The 2018 Edward A. Dickson Emeritus/a Professorship has been awarded to UCR Emeritus/a Professors David Fairris, Department of Economics; Wendy Rogers, Department of Dance; and Susan Hackwood, Department of Electrical & Computer Engineering.
The three awardees were recommended by the University Committee on Faculty Welfare.
“We received a number of quality proposals and had to examine them very carefully to select the winners,” said Daniel Jeske, committee chair and professor of statistics at UCR. “The role of the faculty welfare committee in selecting the Dickson awardees is among the most enjoyable responsibilities of the committee.”
The Edward A. Dickson Emeritus/a Professorship Award is presented yearly to an emeritus/a professor on the basis of a compelling project in teaching, research, or public service activities. Awardee(s) shall be known as the Edward A. Dickson Emeritus/a Professor for the duration of the award (one year). Recipients also receive a monetary award of up to $6,000 and up to $3,000 in research support.
Fairris, former vice provost for undergraduate education and professor emeritus of economics, was honored for his research surrounding minimum wage. In an online survey, Fairris asks supporters of minimum wage the following: “Is the moral basis for a minimum wage to improve the income of the working poor or to insure a right to decent pay?” The answer, he said, will have important implications for policy discussions regarding minimum wage.
“In the former case, a variety of policy instruments besides minimum wages is available to achieve the goal (e.g., earned income tax credits).
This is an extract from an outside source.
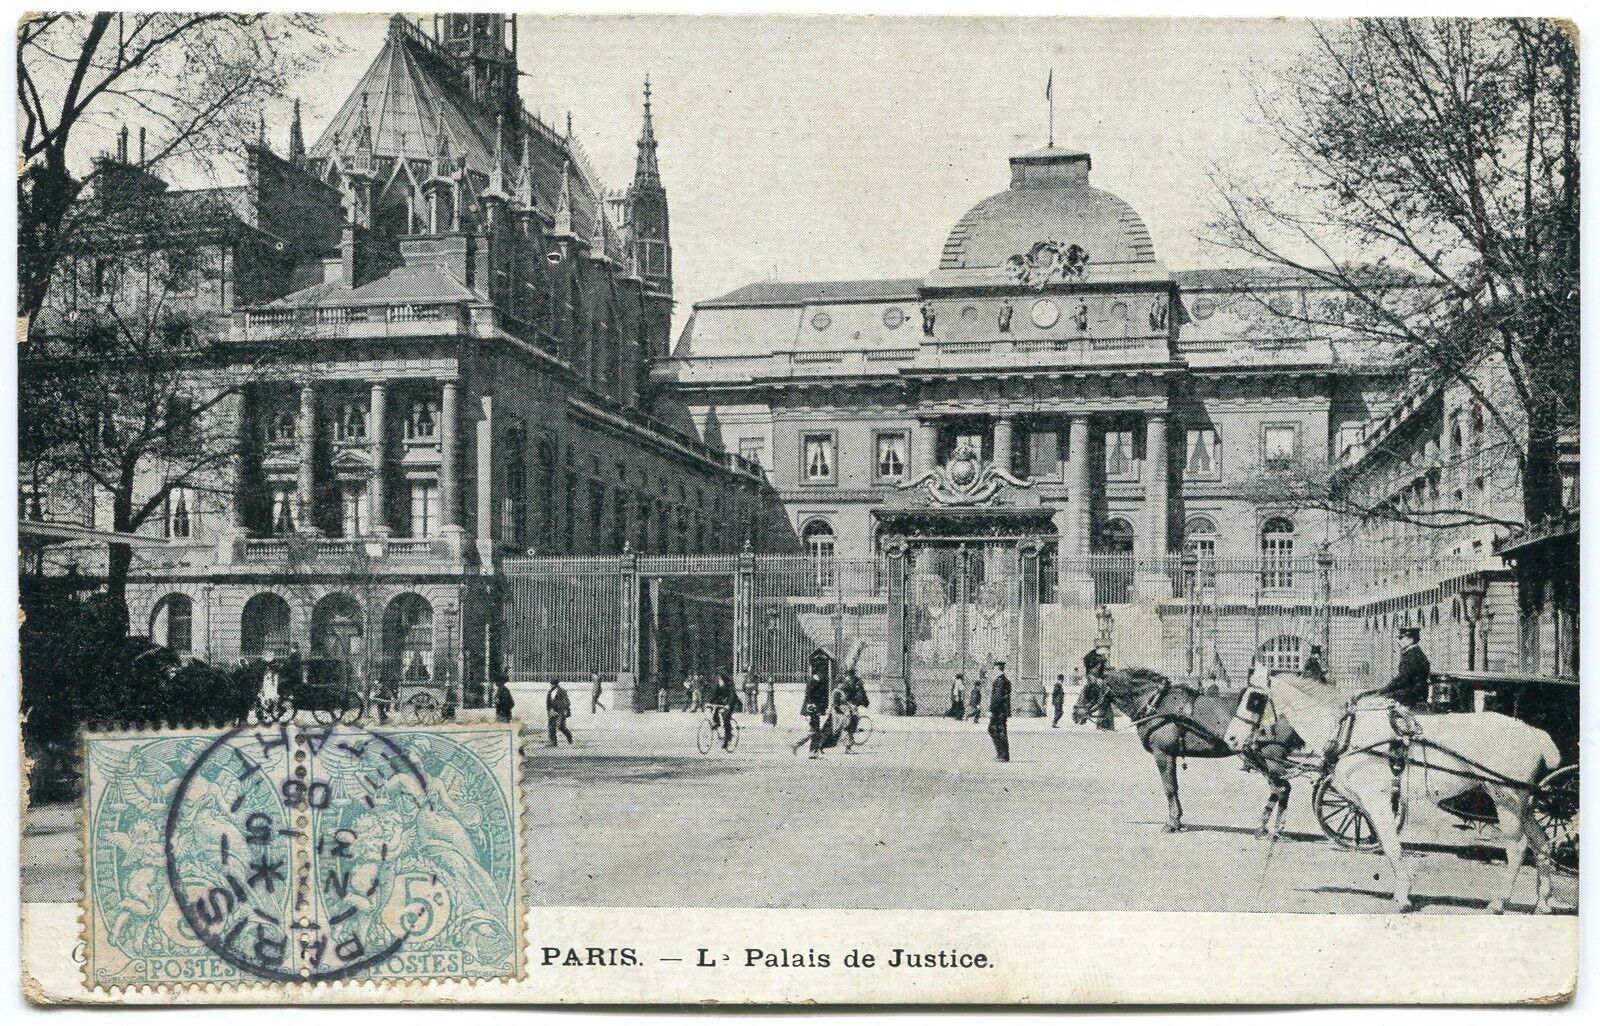 CARTE POSTALE PARIS 1905 PALAIS DE JUSTICE 400335058025

In the latter, minimum wages are the only measure by which society prevents jobs from existing that do not provide decent pay.”
Rogers, choreographer and performer for over 40 years and professor emerita in the Department of Dance, was recognized for her work creating, producing, and performing in “beginning(s), middle(s) and end(s).” The new choreography, including a commissioned work for company members of the San Diego Dance Theater, will premiere in April 2019 at the annual Live Arts Festival in San Diego. Rogers said the process of creating anew by revisiting the active legacy of her body of work will provide an opportunity to reflect on both artistic form and the poetic metaphors of life’s passage.
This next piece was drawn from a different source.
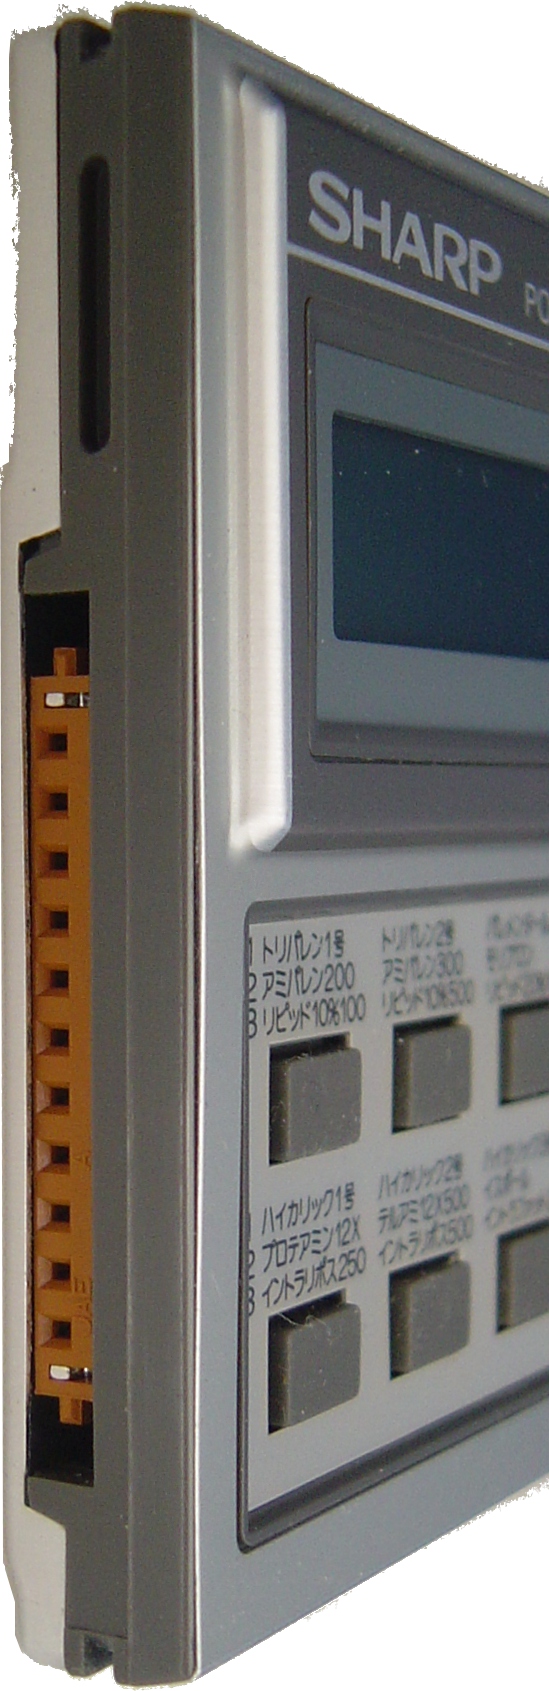 SHARP PC-1270 ポケットコンピュータ

Hackwood, executive director of the California Council on Science and Technology, or CCST, and a professor emerita of electrical and computer engineering, has been awarded for her work in the Science to Policy Program at UCR. The program, a partnership with CCST, aims to help doctoral students explore how a graduate in the sciences can become a welcome, known, and trusted voice in public policy. Hackwood, the founding Dean of the Marlan and Rosemary Bourns College of Engineering, said she will put all funds from the award into the policy program.